Они все воображают себе, что Соня очень хороша. Чтобы разуверить их в этом, я сказал им, что ты сам как-то объявил жене своей, что находишь ее лицом хуже сестер. Все рассмеялись, и графиня Alexandrine оказала:

– Comme je reconnais Leon, comme cela lui res-semble[42].

Я обещал к ней приехать. Она здесь на короткое время и живет во дворце великой княгини Марии Николаевны. Она очень понравилась мне. Умна, любезна и, кажется, добра, а уж тебя, мой друг, крепко любит. Спрашивала также об брате Сереже.

Я просидел с ними до 12 часов, несмотря на то, что устал от всех моих петербургских поездок. Сегодня обедаю у дяди Володи. Как приеду в Москву, немедленно осведомлюсь об „Казаках“ и пришлю мужу твоему брошюру Гедеонова под заглавием: „L'insurrection polonaise. Reponse a Montalembert“[43], которую вручил мне сам автор и которая произвела здесь большой эффект.

Я думаю оставить Петербург 11 или 12 мая.

Прощайте, мои милые, обнимаю вас от всей души; расцелуй ручки и тете Татьяне Александровне. Кланяйся Алексею и Дуняше. Чертенок Татьянка убежала куда-то, она хотела вам писать.

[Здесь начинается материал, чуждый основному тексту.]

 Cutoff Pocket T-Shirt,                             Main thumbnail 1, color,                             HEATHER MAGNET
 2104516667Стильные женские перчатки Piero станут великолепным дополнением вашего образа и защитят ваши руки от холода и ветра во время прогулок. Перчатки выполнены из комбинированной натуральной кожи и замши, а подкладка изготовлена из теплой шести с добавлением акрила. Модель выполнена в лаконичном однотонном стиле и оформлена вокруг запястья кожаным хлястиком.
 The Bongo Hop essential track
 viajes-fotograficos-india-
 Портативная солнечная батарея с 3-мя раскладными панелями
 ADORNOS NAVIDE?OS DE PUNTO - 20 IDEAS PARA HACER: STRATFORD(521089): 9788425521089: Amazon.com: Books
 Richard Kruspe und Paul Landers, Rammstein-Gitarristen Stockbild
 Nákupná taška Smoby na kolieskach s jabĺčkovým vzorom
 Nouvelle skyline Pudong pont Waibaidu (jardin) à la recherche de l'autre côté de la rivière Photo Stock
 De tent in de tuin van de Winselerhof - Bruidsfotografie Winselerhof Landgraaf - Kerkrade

Будь же ты, дружище, поосторожнее с пчелами, мне ужасно жаль тебя, что они, проклятые, так тебя кусают…»

На другой день мы обедали у Иславиных. Первым встретил меня Кузминский.

– Ты знаешь, – сказал он, – что сегодня наш абонемент в опере, и мы после обеда едем в театр?

– Да знаю, Julie мне говорила. А что дают?

– «Севильский цирюльник». Бедные мои экзамены! – прибавил он.

– А когда же ты занимаешься?

– По ночам и очень утомляюсь.

– Я это вижу: ты бледен, и черно под глазами.

– А во всем ты виновата, – сказал он, весело глядя на меня. – Все же как хорошо, что ты в Петербурге. А тебе нравится le cousin barbu?[44] – неожиданно спросил он меня.

Так прозвали Anatoli. Он носил бакенбарды по английской тогдашней моде. Я сама не знала, нравится ли он мне, и что мне ответить.

– И да, и нет, сама не знаю, – подумав, ответила я.

– А он только о тебе и говорит… Его уже дразнят тобой!

Что-то радостное и мучительное шевельнулось в моем сердце. «Зачем он мне говорит это?» – подумала я.

Сборы в театр длились довольно долго. Julie велела парикмахеру причесать меня «a la grecque»[45], как носили тогда на балах, с золотым bandeau[46] с приподнятыми буклями, а на шею надела мне бархатку с медальоном.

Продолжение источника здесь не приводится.